At 37°C, which is closest to human body temperature, we found that the morphology of PCL remained stable until week 52 and then changed rapidly from week 78. GPC results also indicated a rapid decline in the molecular weight of PCL during this period.
Next, we tested whether the filler product could be safely degraded in vivo. After injecting the filler product into rabbits, tissue samples were taken from the injection site at regular intervals, and the PCL microspheres were checked for residual PCL in the tissue. The results showed that PCL microspheres were clearly observed by month 18, and more than 90% of the microspheres had disappeared by month 24. At the final time point of 30 months, no microspheres were observed, and no abnormalities were found in the tissue. Moreover, when microspheres were observed, all of the inflammatory responses were mild (score 1). Therefore, this study demonstrated that DMFI300 was mostly safely degraded within 24 months after injection in the body.

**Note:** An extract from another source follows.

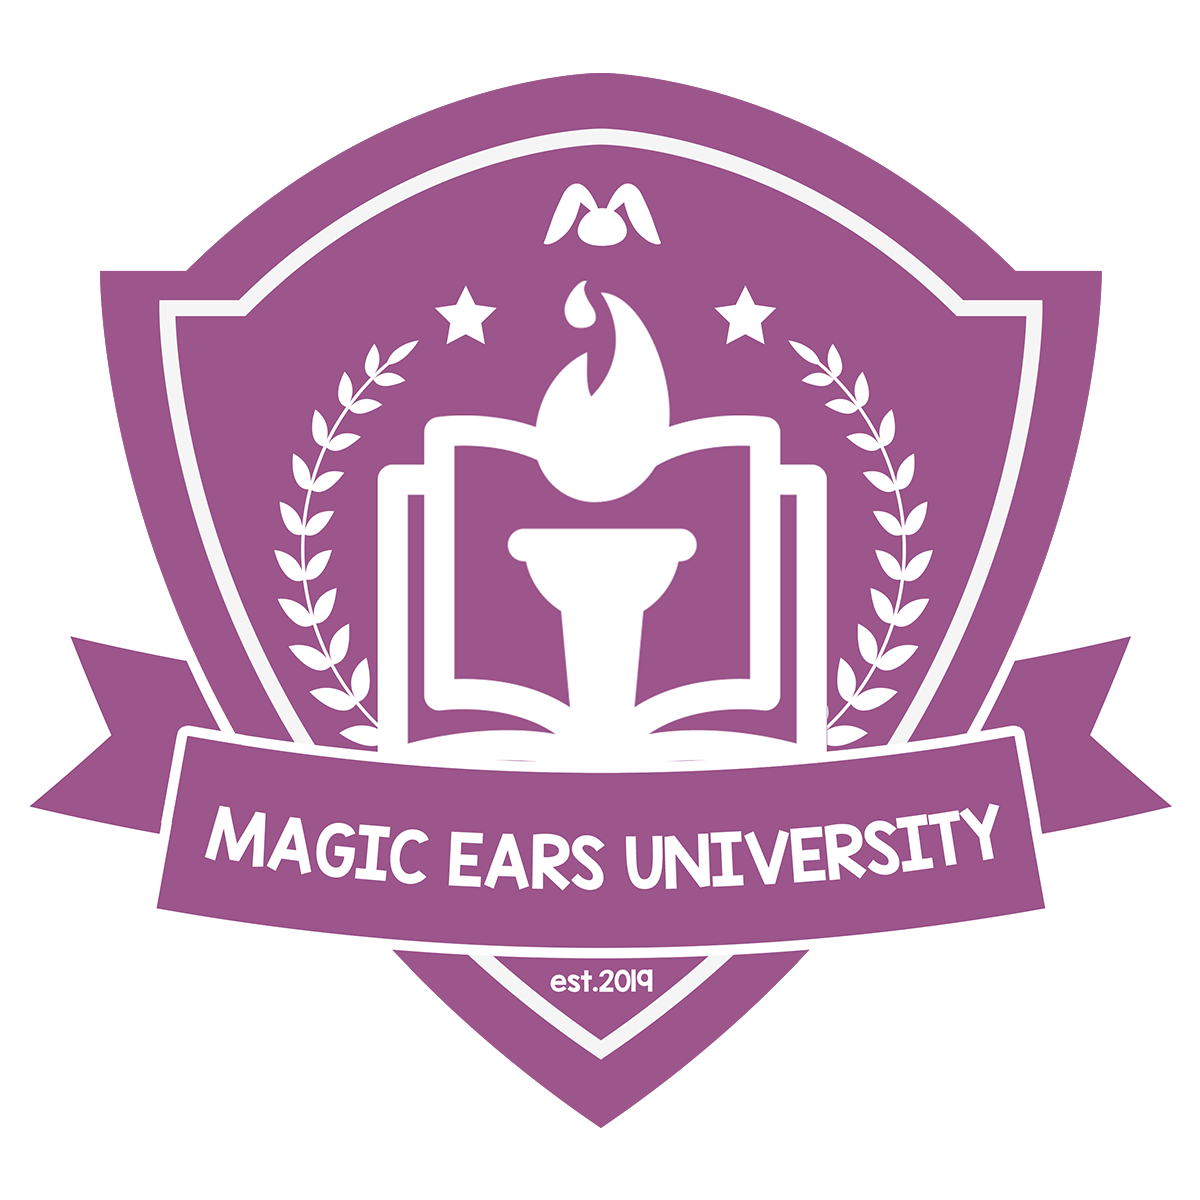 Magic Ears University logo crest

Collagen production following DMFI300 administration was observed around the porous PCL microspheres. Extensive literature shows that filler products using biodegradable polymer microspheres induce a mild inflammatory and foreign body reaction, leading to encapsulation with collagen [20-22].
Finally, we previously confirmed the volume retention efficacy of DMFI300 in naïve hairless mice [10], and its efficacy was also demonstrated in clinical trials (Chung-Ang University Hospital, Korea, IRB no. 1861-001-328). In the next phase, to evaluate the wrinkle improvement effect of DMFI300 in an aged hairless mouse model, we induced photoaging through UVB irradiation. Prolonged sunlight exposure causes photoaging of the skin, leading to dryness, wrinkles, and pigmentation. Among various types of UV radiation, UVB has greater energy than UVA and UVC and is known to cause over 90% of erythema, inflammation, and skin cancer associated with UV exposure [23]. While photoaging animal models have limitations in fully representing the overall aging process, they are useful for studying skin damage induced by UV radiation and for developing treatments. Therefore, the test method of assessing wrinkle changes after a test article injection to UVB-induced photoaging hairless mice has been widely reported as a representative in vivo model to evaluate the efficacy of dermal fillers [24, 25]. In this study, we confirmed the efficacy of skin roughness improvement following DMFI300 administration using the UV photoaging mouse model.
This study confirmed the tissue safety, biodegradability, and specific mechanisms of wrinkle improvement through tissue regeneration of the porous PCL microparticle filler product, with clinical efficacy [26] and safety in tissue repair demonstrated through in vitro and in vivo experiments. Further studies are needed to evaluate the biodegradability of this product in clinical applications, extending beyond animal models.
Author Contributions
Jin-Su Kim and Hye-Sung Yoon conceptualized and designed the study. Ji-Hyun Sung, Doo-Yeon Kwon, and Jeong-Eun Park were responsible for data collection and analysis. Jin-Su Kim, Ji-Hyun Sung, Doo-Yeon Kwon, and Jeong-Eun Park drafted the manuscript. Helen Cho and Hye-Sung Yoon supervised the study and validated the results. All authors reviewed and revised the final manuscript and share responsibility for all aspects of the study.
Ethics Statement
All animal experiments in this study were conducted with the approval of the Institutional Animal Care and Use Committee (IACUC) of Chung-Ang University College of Medicine under the following protocols: No. 201800015, No. 201900049, and No. 202000098.
Conflicts of Interest
The authors declare no conflicts of interest.
Open Research
Data Availability Statement
The data that support the findings of this study are available from the corresponding author upon reasonable request.